Читать книгу Nur ein Tropfen Leben - Christina M. Kerpen - Страница 18
Ein klärendes Gespräch
ОглавлениеAm nächsten Morgen, unmittelbar nach der Zeremonie für die Verstorbenen, reist die kleine Familie Widefield wieder in Richtung Wyoming ab.

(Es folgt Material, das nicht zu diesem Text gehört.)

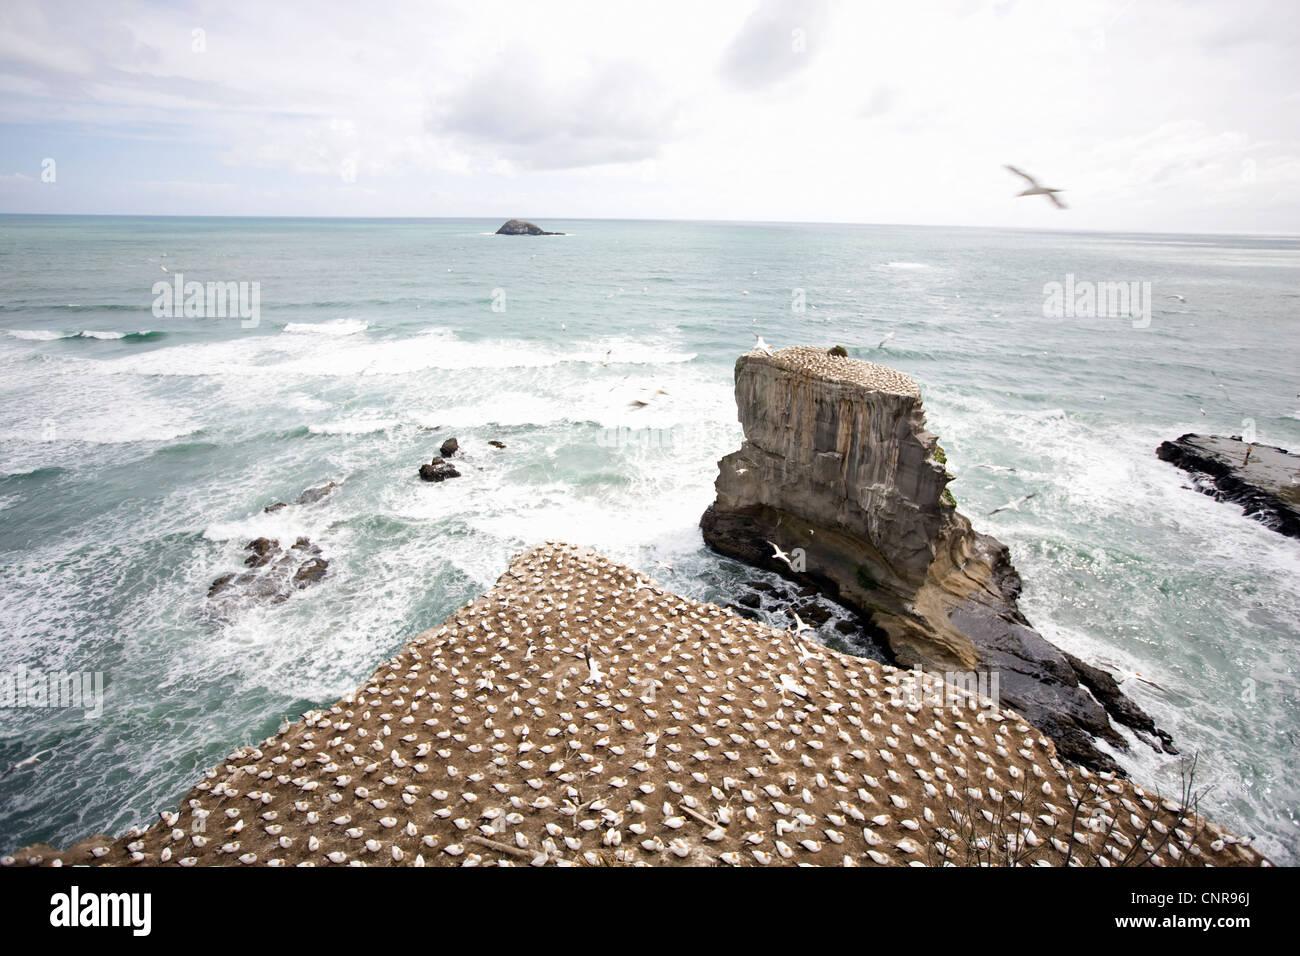 Craggy rock jutting into ocean - Stock Image
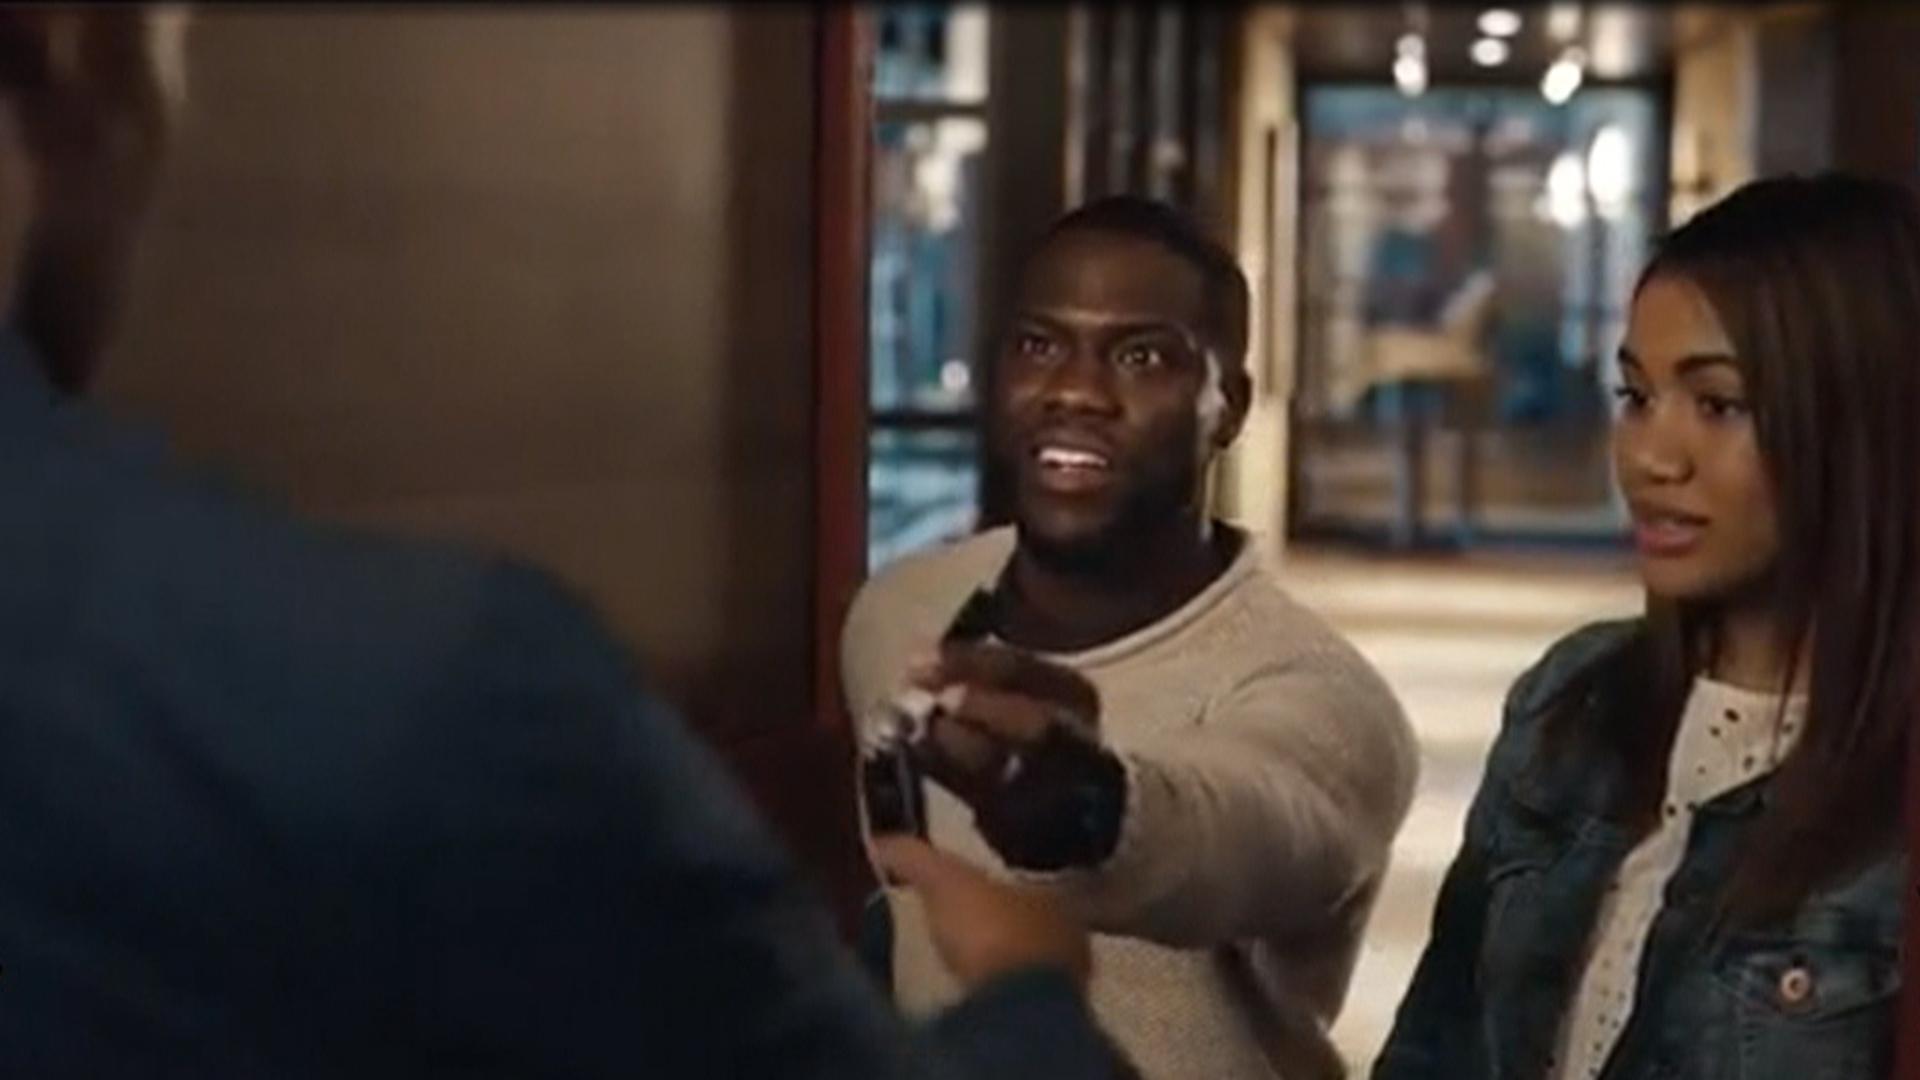 Hoda, Jenna Bush Hager relate to Kevin Harts Super Bowl 50 ad

Carol ist die ganzen Tage über ziemlich schweigsam und am letzten Tag endlich, die heimatlichen Berge sind schon wieder in Sichtweite, stellt David die junge Frau zur Rede. „Sag mal, Liebling, bist Du eigentlich noch immer sauer, wegen neulich?“
Carol starrt angestrengt in die Ferne. „Ich weiß nicht, ob Du das so nennen kannst, David. Ich bin nicht direkt sauer, ich bin, ich bin ...“, das Girl druckst herum, dann schaut sie ihm zum ersten Mal seit vielen Tagen direkt in die Augen, „ich bin verwirrt. Ich weiß nicht, wie ich das einschätzen soll. Ich bin die Mutter Deiner Kinder, ich werde Dir in einigen Monaten noch ein Kind schenken und obwohl du alles das weißt, muss ich Dich in einer sehr eindeutigen Situation mit einer anderen Frau entdecken. Klar, dass mich das irgendwie verletzt. Es, es tut einfach weh.“
David nimmt die Zügel in die linke Hand und legt seinen rechten Arm um die schmalen Schultern seiner Frau. „Aber Liebling, es ist doch weiter wirklich nichts passiert. Weiße Feder hat sich sehr um mich bemüht, aber bei mir ging gar nichts. Ich konnte ihr nicht geben, was sie von mir wollte.“
„Sie wollte ein Kind von Dir!“, tonlos haucht Carol diese Worte. „Sie wollte ein Kind. Hast du ihr eines geschenkt? Ja oder Nein?“
„Mit Sicherheit nicht, Geliebte. Ich versichere Dir, es ist nichts, aber auch gar nichts geschehen.“
„Ich würde Dir ja so gerne glauben, David Widefield, aber es ist so schwer. Wenn ich Euch nicht überrascht hätte und nichts wüsste, wäre es mir wahrscheinlich gleichgültig, aber ich habe immerzu das Bild vor Augen, wie ihr ...“, der Satz erstirbt und das Mädchen verbirgt sein Gesicht in den Händen.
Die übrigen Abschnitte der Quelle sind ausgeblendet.